5. The method of claim 3, wherein the generating of a CPE code comprises:

generating a first CPE code when the identification information is indicative of a first user; and

generating a second CPE code, different than the first CPE code, when the identification information is indicative of a second user.

6. The method of claim 1, wherein the generating of a CPE code comprises querying a database of CPE codes using the identification information and the action information as query parameters.

7. The method of claim 1, wherein the generating of a CPE code includes:

accessing parental control restrictions associated with a user associated with the identification information; and

generating a CPE code in compliance with the parental control restrictions.

8. A customer premises equipment (CPE) device, comprising:

a processor;

a network interface to receive encoded multimedia content;

a multimedia decoder to decode the encoded multimedia content;

a remote control interface to receive and process a remote control signal transmitted by a remote control; and

storage media embedding processor executable instructions, the instructions comprising instructions to: extract, from the remote control signal, identification information indicative of a remote control device setting; extract, from the remote control signal, action information indicative of a requested action; determine a CPE action based on the identification information and the action information; and execute the CPE action.

9. The device of claim 8, wherein the instructions further comprise instructions to generate a CPE code corresponding to the CPE action.

10. The device of claim 9, wherein the storage media further includes CPE code data, wherein the CPE code data is suitable for determining the CPE code corresponding to a CPE action, and further wherein the instructions to generate the CPE code comprise instructions to access the CPE code data structure using the CPE action.

11. The device of claim 8, wherein the instructions to determine a CPE action include instructions to determine a null action as the CPE action when the identification information has a first value.

12. The device of claim 8, wherein the identification information is indicative of an identity of the remote control device.

13. The device of claim 8, wherein the identification information is indicative of a state of an N-state switchable control of the remote control device.

14. The device of claim 8, wherein the identification information is indicative of a user category of a user of the remote control device.

15. The device of claim 14, wherein the user category is selected from the group of user categories including an adult category and a child category.

16. The device of claim 15, wherein the instructions to determine the CPE action include instructions to:

access parental control information when the user category is the child category; and

identify a CPE action complying with the parental control information.

17. A remote control device, comprising:

an N-state switchable control, wherein N is greater than 1;

an action control;

data generation logic configured to respond to an assertion of the action control, by generating remote control data based on the action control asserted and a state of the N-state switchable control; and

a transmitter operable to modulate the remote control data onto a remote control carrier signal and transmit the modulated remote control carrier signal.

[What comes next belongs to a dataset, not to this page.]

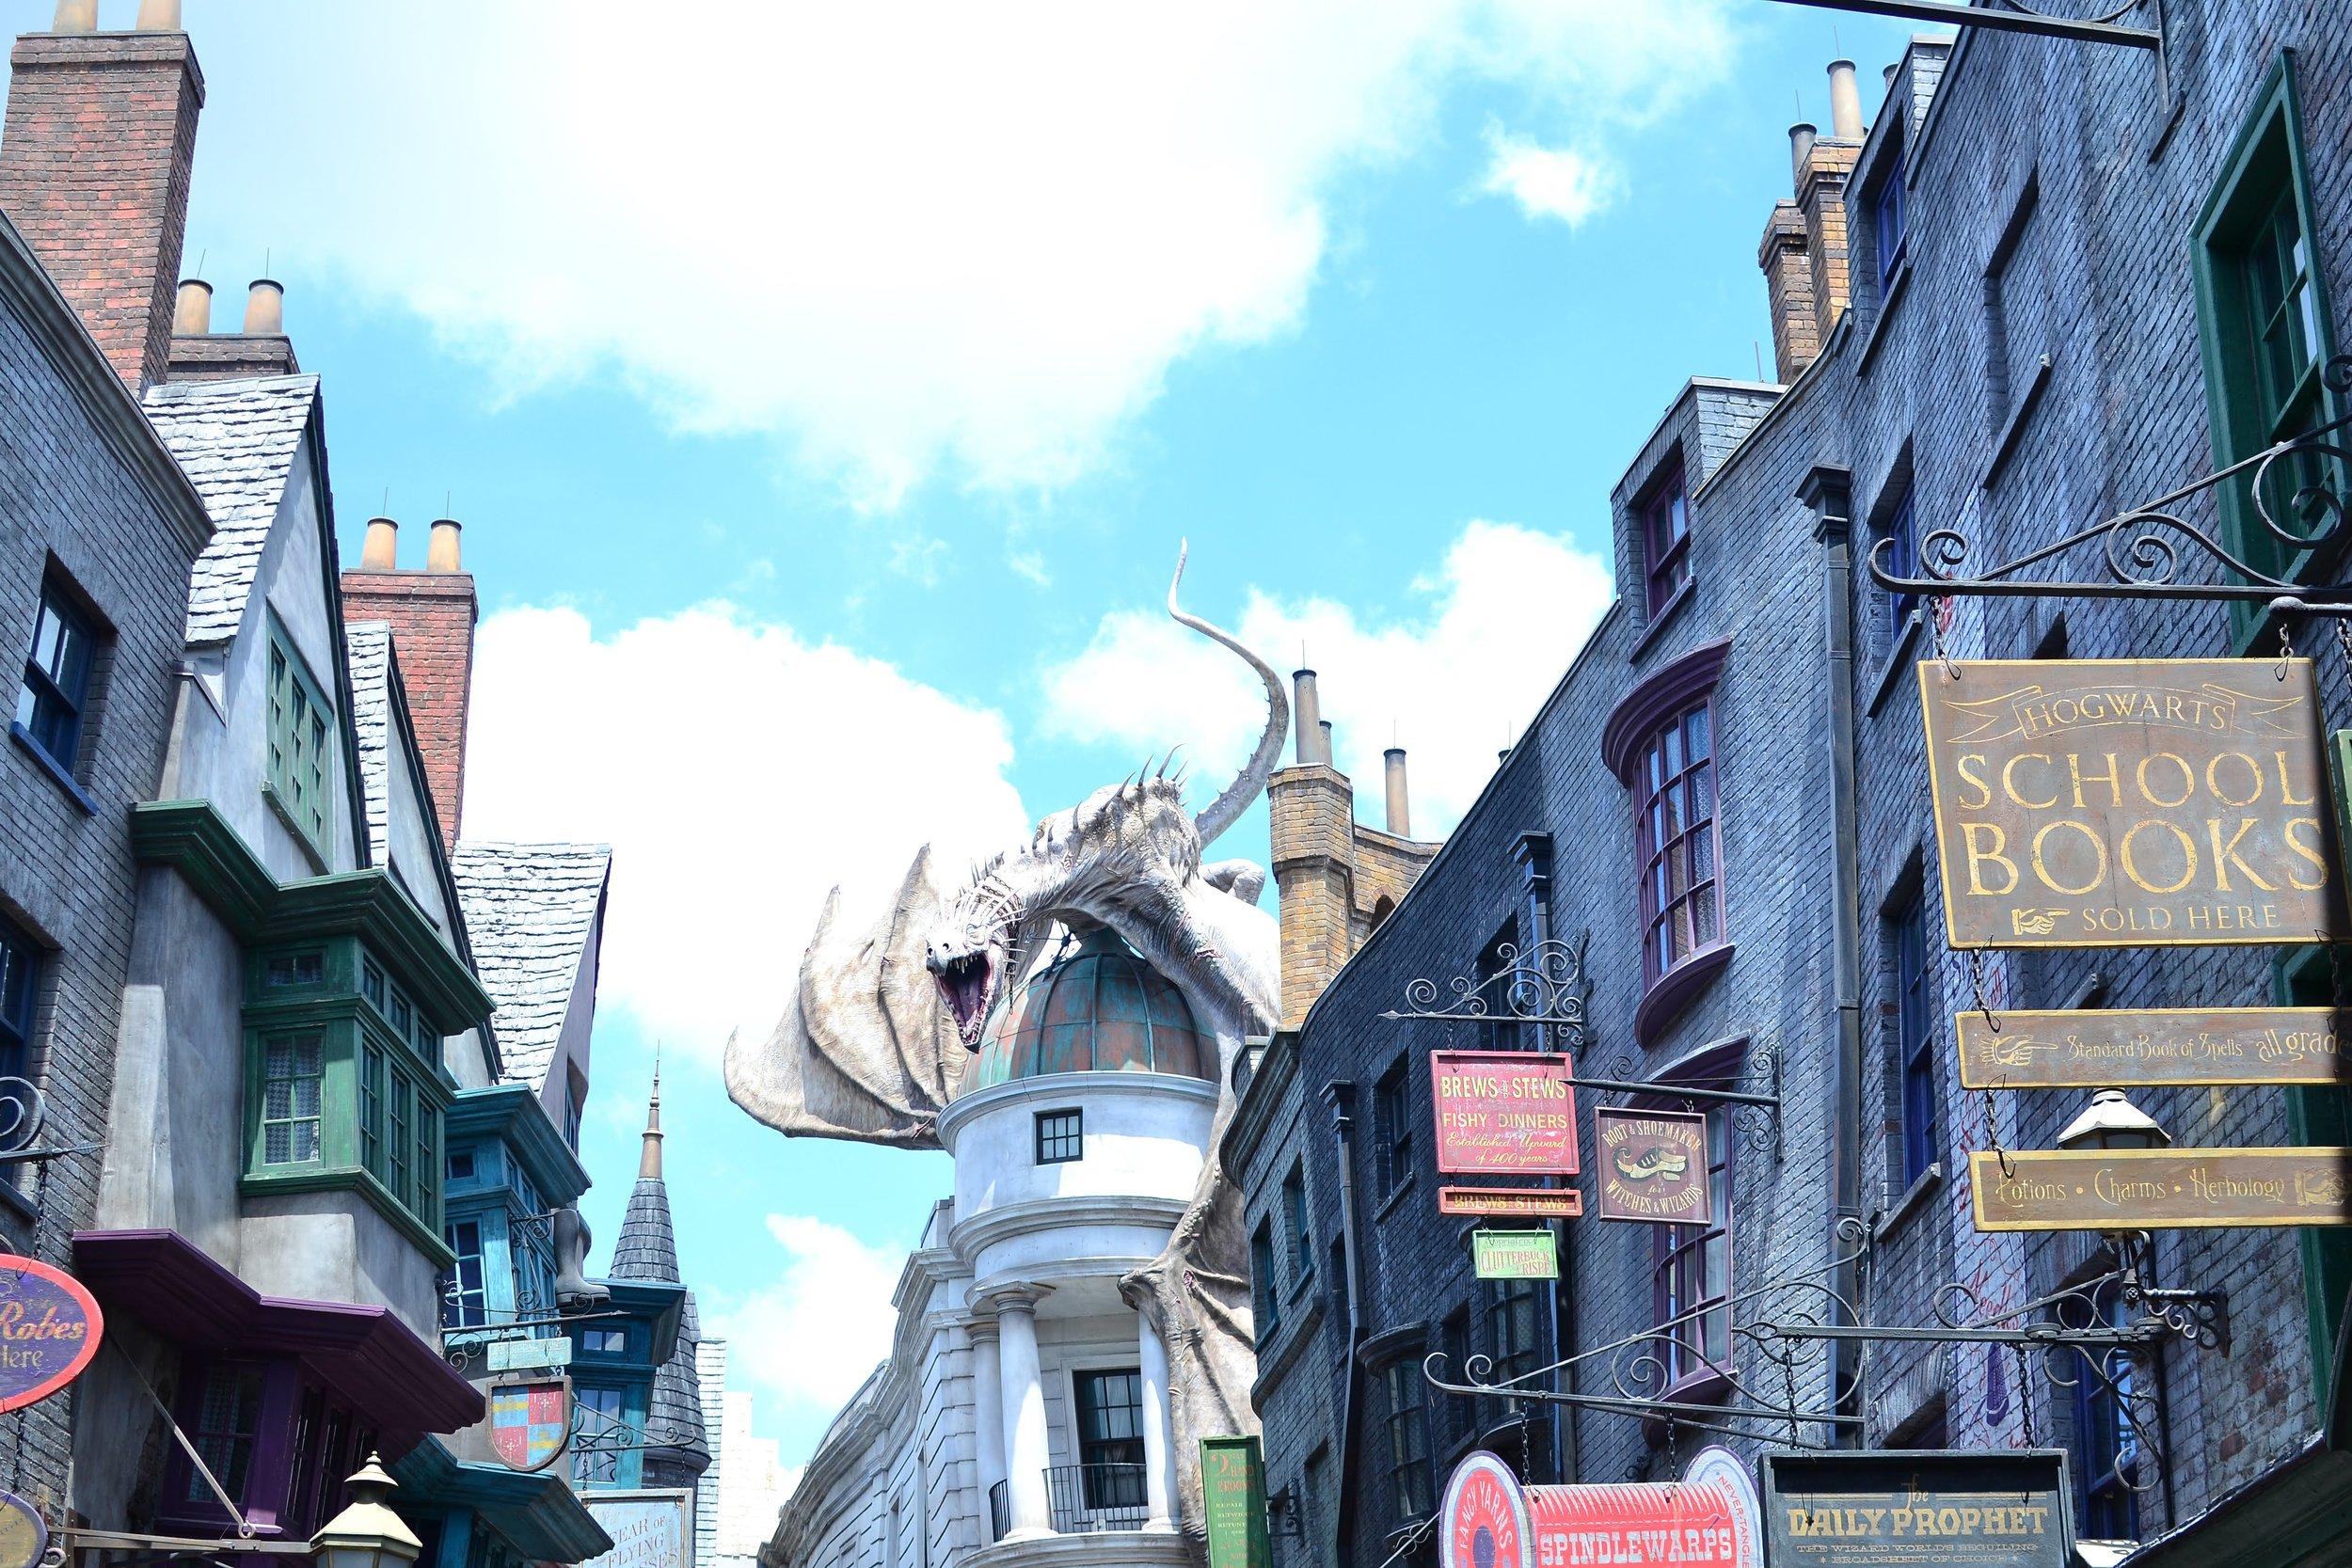 Wizarding World of Harry Potter at Universal Orlando

18. The device of claim 17, wherein the N-state switchable control is a physical switch.

19. The device of claim 18, wherein the physical switch is recessed within a housing of the remote control device.

20. The device of claim 17, further comprising a sensing device operable to detect a biometric characteristic of a user of the remote control.

21. The device of claim 20, wherein a state of the N-state switchable control is responsive to the biometric characteristic detected by the sensing device.

22. The device of claim 17, wherein the remote control data includes a numeric action code based on the asserted action control and a numeric identification code based on a state of the N-state switchable control.

23. The device of claim 22, wherein the modulated remote control carrier signal includes an action code portion indicative of the action code and an identification portion indicative of the identification code.